Items from a dataset
********
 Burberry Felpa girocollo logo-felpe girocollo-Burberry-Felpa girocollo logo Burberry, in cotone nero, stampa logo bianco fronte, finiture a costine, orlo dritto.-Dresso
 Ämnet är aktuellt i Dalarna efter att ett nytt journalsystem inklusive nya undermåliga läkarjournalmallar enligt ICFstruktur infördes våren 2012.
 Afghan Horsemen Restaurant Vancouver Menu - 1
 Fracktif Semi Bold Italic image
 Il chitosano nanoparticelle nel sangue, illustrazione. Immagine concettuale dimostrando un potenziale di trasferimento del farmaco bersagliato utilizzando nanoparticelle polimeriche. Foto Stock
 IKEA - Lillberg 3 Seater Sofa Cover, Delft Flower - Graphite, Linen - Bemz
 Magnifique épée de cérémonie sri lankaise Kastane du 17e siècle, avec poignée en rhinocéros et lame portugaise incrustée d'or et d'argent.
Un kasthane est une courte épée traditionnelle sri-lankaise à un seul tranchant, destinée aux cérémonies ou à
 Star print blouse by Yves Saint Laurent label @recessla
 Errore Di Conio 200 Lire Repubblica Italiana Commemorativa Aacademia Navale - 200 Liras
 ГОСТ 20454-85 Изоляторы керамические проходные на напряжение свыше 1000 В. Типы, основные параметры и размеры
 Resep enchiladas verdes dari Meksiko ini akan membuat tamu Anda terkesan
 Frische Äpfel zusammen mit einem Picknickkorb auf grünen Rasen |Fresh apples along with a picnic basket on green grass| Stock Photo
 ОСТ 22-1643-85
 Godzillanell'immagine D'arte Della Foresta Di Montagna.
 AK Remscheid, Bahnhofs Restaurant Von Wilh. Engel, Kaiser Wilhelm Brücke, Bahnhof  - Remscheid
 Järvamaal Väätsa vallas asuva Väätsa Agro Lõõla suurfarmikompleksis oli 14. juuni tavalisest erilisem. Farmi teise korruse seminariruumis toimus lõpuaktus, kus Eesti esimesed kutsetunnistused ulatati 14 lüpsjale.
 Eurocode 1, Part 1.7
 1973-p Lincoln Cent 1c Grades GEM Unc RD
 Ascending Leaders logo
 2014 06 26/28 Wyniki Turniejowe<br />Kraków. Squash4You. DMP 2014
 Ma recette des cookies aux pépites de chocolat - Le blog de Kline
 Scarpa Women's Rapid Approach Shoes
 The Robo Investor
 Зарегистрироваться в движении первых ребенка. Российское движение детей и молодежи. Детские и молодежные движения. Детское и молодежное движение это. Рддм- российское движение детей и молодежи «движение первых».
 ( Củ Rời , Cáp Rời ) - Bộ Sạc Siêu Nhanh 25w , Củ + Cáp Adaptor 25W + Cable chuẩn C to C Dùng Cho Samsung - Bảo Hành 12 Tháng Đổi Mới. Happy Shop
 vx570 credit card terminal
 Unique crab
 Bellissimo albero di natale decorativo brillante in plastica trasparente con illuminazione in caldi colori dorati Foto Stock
********
→ Work to complete: Every record shown above should be set down again exactly.

→ Result of the task:
 Burberry Felpa girocollo logo-felpe girocollo-Burberry-Felpa girocollo logo Burberry, in cotone nero, stampa logo bianco fronte, finiture a costine, orlo dritto.-Dresso
 Ämnet är aktuellt i Dalarna efter att ett nytt journalsystem inklusive nya undermåliga läkarjournalmallar enligt ICFstruktur infördes våren 2012.
 Afghan Horsemen Restaurant Vancouver Menu - 1
 Fracktif Semi Bold Italic image
 Il chitosano nanoparticelle nel sangue, illustrazione. Immagine concettuale dimostrando un potenziale di trasferimento del farmaco bersagliato utilizzando nanoparticelle polimeriche. Foto Stock
 IKEA - Lillberg 3 Seater Sofa Cover, Delft Flower - Graphite, Linen - Bemz
 Magnifique épée de cérémonie sri lankaise Kastane du 17e siècle, avec poignée en rhinocéros et lame portugaise incrustée d'or et d'argent.
Un kasthane est une courte épée traditionnelle sri-lankaise à un seul tranchant, destinée aux cérémonies ou à
 Star print blouse by Yves Saint Laurent label @recessla
 Errore Di Conio 200 Lire Repubblica Italiana Commemorativa Aacademia Navale - 200 Liras
 ГОСТ 20454-85 Изоляторы керамические проходные на напряжение свыше 1000 В. Типы, основные параметры и размеры
 Resep enchiladas verdes dari Meksiko ini akan membuat tamu Anda terkesan
 Frische Äpfel zusammen mit einem Picknickkorb auf grünen Rasen |Fresh apples along with a picnic basket on green grass| Stock Photo
 ОСТ 22-1643-85
 Godzillanell'immagine D'arte Della Foresta Di Montagna.
 AK Remscheid, Bahnhofs Restaurant Von Wilh. Engel, Kaiser Wilhelm Brücke, Bahnhof  - Remscheid
 Järvamaal Väätsa vallas asuva Väätsa Agro Lõõla suurfarmikompleksis oli 14. juuni tavalisest erilisem. Farmi teise korruse seminariruumis toimus lõpuaktus, kus Eesti esimesed kutsetunnistused ulatati 14 lüpsjale.
 Eurocode 1, Part 1.7
 1973-p Lincoln Cent 1c Grades GEM Unc RD
 Ascending Leaders logo
 2014 06 26/28 Wyniki Turniejowe<br />Kraków. Squash4You. DMP 2014
 Ma recette des cookies aux pépites de chocolat - Le blog de Kline
 Scarpa Women's Rapid Approach Shoes
 The Robo Investor
 Зарегистрироваться в движении первых ребенка. Российское движение детей и молодежи. Детские и молодежные движения. Детское и молодежное движение это. Рддм- российское движение детей и молодежи «движение первых».
 ( Củ Rời , Cáp Rời ) - Bộ Sạc Siêu Nhanh 25w , Củ + Cáp Adaptor 25W + Cable chuẩn C to C Dùng Cho Samsung - Bảo Hành 12 Tháng Đổi Mới. Happy Shop
 vx570 credit card terminal
 Unique crab
 Bellissimo albero di natale decorativo brillante in plastica trasparente con illuminazione in caldi colori dorati Foto Stock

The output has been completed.